WHAT IS BEING ASKED
Reproduce precisely the lines between the start of the data below and the line with "Topless women on the beach", both included.

(Items from a data source)
Segment Open
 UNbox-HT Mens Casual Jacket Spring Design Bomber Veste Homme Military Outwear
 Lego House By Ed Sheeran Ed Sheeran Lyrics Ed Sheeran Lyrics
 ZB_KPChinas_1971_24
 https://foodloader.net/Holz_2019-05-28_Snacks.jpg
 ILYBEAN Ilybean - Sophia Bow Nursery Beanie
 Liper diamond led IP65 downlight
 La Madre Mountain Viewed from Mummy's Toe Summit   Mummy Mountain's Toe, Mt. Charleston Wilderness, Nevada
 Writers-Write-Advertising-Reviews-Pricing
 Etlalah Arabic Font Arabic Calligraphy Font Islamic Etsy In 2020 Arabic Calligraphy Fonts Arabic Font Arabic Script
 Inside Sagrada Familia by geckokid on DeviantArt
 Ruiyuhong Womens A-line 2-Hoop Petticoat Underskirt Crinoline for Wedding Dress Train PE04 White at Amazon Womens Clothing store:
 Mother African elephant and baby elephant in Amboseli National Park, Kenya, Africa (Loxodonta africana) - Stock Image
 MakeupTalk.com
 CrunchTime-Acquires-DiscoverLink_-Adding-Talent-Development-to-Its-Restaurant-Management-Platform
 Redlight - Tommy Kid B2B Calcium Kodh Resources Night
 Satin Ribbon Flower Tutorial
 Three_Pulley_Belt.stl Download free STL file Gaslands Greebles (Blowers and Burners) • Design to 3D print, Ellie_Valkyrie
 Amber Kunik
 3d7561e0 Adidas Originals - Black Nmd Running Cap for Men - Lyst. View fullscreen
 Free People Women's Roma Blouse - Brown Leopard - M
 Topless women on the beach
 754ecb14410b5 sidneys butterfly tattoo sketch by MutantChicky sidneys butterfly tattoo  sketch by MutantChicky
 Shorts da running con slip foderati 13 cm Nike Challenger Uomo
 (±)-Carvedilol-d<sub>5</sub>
Segment Closed
ANSWER SPACE
 UNbox-HT Mens Casual Jacket Spring Design Bomber Veste Homme Military Outwear
 Lego House By Ed Sheeran Ed Sheeran Lyrics Ed Sheeran Lyrics
 ZB_KPChinas_1971_24
 https://foodloader.net/Holz_2019-05-28_Snacks.jpg
 ILYBEAN Ilybean - Sophia Bow Nursery Beanie
 Liper diamond led IP65 downlight
 La Madre Mountain Viewed from Mummy's Toe Summit   Mummy Mountain's Toe, Mt. Charleston Wilderness, Nevada
 Writers-Write-Advertising-Reviews-Pricing
 Etlalah Arabic Font Arabic Calligraphy Font Islamic Etsy In 2020 Arabic Calligraphy Fonts Arabic Font Arabic Script
 Inside Sagrada Familia by geckokid on DeviantArt
 Ruiyuhong Womens A-line 2-Hoop Petticoat Underskirt Crinoline for Wedding Dress Train PE04 White at Amazon Womens Clothing store:
 Mother African elephant and baby elephant in Amboseli National Park, Kenya, Africa (Loxodonta africana) - Stock Image
 MakeupTalk.com
 CrunchTime-Acquires-DiscoverLink_-Adding-Talent-Development-to-Its-Restaurant-Management-Platform
 Redlight - Tommy Kid B2B Calcium Kodh Resources Night
 Satin Ribbon Flower Tutorial
 Three_Pulley_Belt.stl Download free STL file Gaslands Greebles (Blowers and Burners) • Design to 3D print, Ellie_Valkyrie
 Amber Kunik
 3d7561e0 Adidas Originals - Black Nmd Running Cap for Men - Lyst. View fullscreen
 Free People Women's Roma Blouse - Brown Leopard - M
 Topless women on the beach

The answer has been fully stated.